Background
Just keep dishing up
A Leiden psychologist reveals that you don’t taste your food properly if you are distracted. "When asked about the flavour of lemonade they have mixed themselves, people will claim it is just as sweet as the people in the control group’s lemonade, although they have used twice as much syrup."
Bart Braun
Wednesday 19 June 2013

People, when eating, will stop after a certain time. "I’m full", they say, evoking an image of the stomach as a rubbish bin, which is filled to a particular point, after which you have to wait until some one puts a new bin liner in it. But that image is completely wrong: you only push your stomach to the limits in extreme cases – like Christmas dinner.

So why do people stop eating? Biologists mumble stuff about satiation molecules – which do actually exist, but are not effective when produced as appetite suppressants. Starting and stopping eating seem to be primarily a psychological matter. People who can’t store memories due to a memory disorder eat when the clock says it’s time to eat. If you put the clock back an hour, they will have lunch then. The signals to make you start and stop eating are mainly external rather than internal.

The experiment that makes this most evident was devised by American Brian Wansink, who sat his test subjects down in front of the telly with a bowl of soup. Most of them finished the soup without a fuss, but the next group of test subjects couldn’t finish all the soup: using an ingenious construction involving a pump and a rubber tube, Wansink refilled the bowls from below. The subjects just kept eating until they had consumed as much as a litre of soup.

Wansink had used the television mainly to distract the people from noticing the odd construction of the soup dishes, but this experiment dating from 2005 stresses how easy it is to eat more if you are distracted.

Concentration and eating are closely connected, or as Leiden psychologist Lotte van Dillen says: "We only have limited mental capacity but we’re exposed to an infinite amount of information. The more attention we need to spend on one thing, the less we have for another."

In a recent article in the scientific journal Psychological Science, Van Dillen discusses the matter in more detail. Test subjects were asked to memorise a number, drink a glass of either lemonade or diluted lemon juice and then write down the number. Afterwards, they were asked to describe the sweetness or sourness of the beverage. The group who had been asked to memorise a number containing seven digits described the lemonade as weaker flavoured than the group who had to memorise a one-number digit.More or less the same happened in follow-up experiments: crackers with salted butter did not seem as salty – and the test subjects ate more if they were not allowed to forget the difficult number and just as many crackers with unsalted butter were consumed. In a test in which people were asked to make their own drink of lemonade from syrup, the group who had to try and remember seven digits used more syrup than their counterparts. Van Dillen adds: "When asked how the lemonade tasted, they said it was just as sweet, but they had used as much as twice as much syrup."

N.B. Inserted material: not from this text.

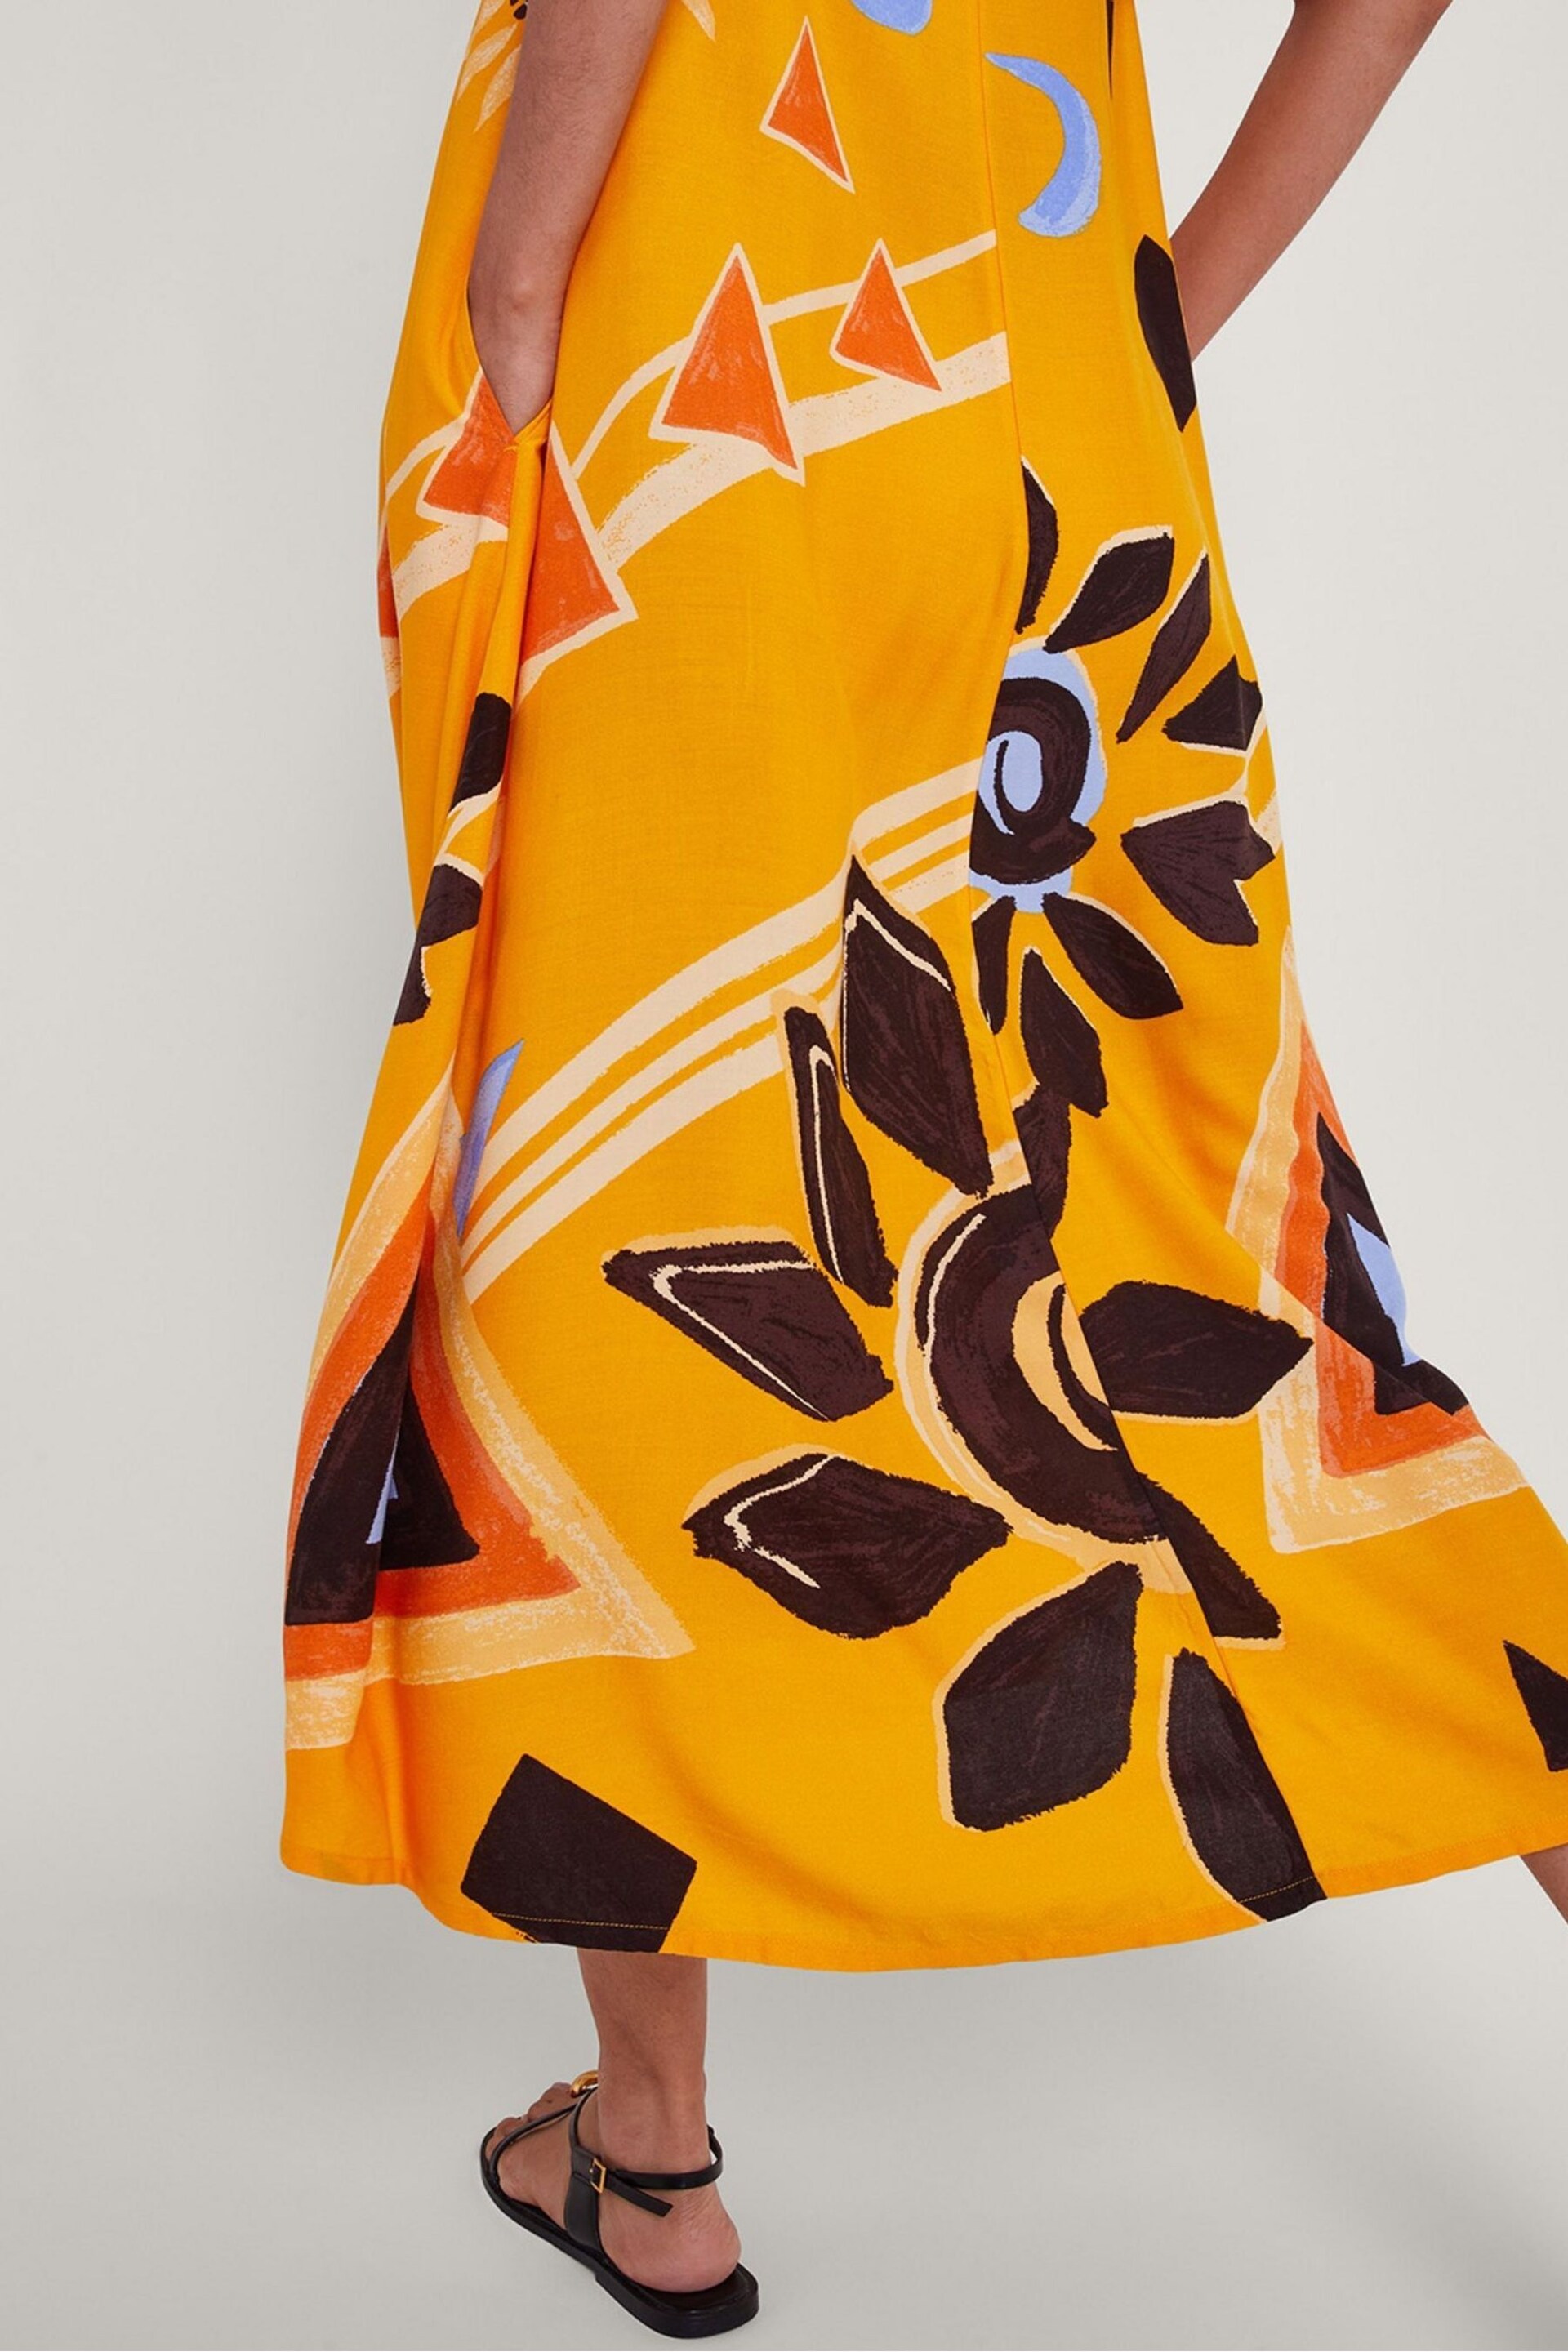 Monsoon Orange Amanda Print Dress - Image 4 of 5

In other words: if you are distracted, you have less capacity for tasting, and accordingly, you experience less flavour. That probably explains why you eat things that are actually quite revolting if you work, watch television or drive while eating or drinking: savoury snacks, sweets or energy drinks.

It may also explain why Wansink’s test subjects ate so much: it would seem that people stop eating when they have received a number of stimuli from their food. "People have specific networks in their brains for the sole purpose of enjoying food. They need the stimuli and if they do not experience the flavour very intensely, they need more food to reach the right level of pleasure. I really believe that more flavour means that you eat less."

If she is right, whole piles of diet books will become obsolete, as they always want to limit pleasure rather than encourage it. People are terrible at limiting pleasure, and diet books don’t work. Almost everyone who diets will gain weight again after a few years, usually with some additional pounds.

Another of Van Dillen’s experiments is more hopeful: in The Journal of Personality and Social Psychology, she describes how the people who had to memorise the longer number were less likely succumb to the temptation of delicious food. "You must process the stimulus before you can be tempted", she explains, "and if you’re occupied with something else, you can’t respond to the temptation."

She smiles: "But if you do succumb, don’t do anything else. Concentrate fully on your food, sample it more carefully and eat less. You need to use you cognitive capacity strategically."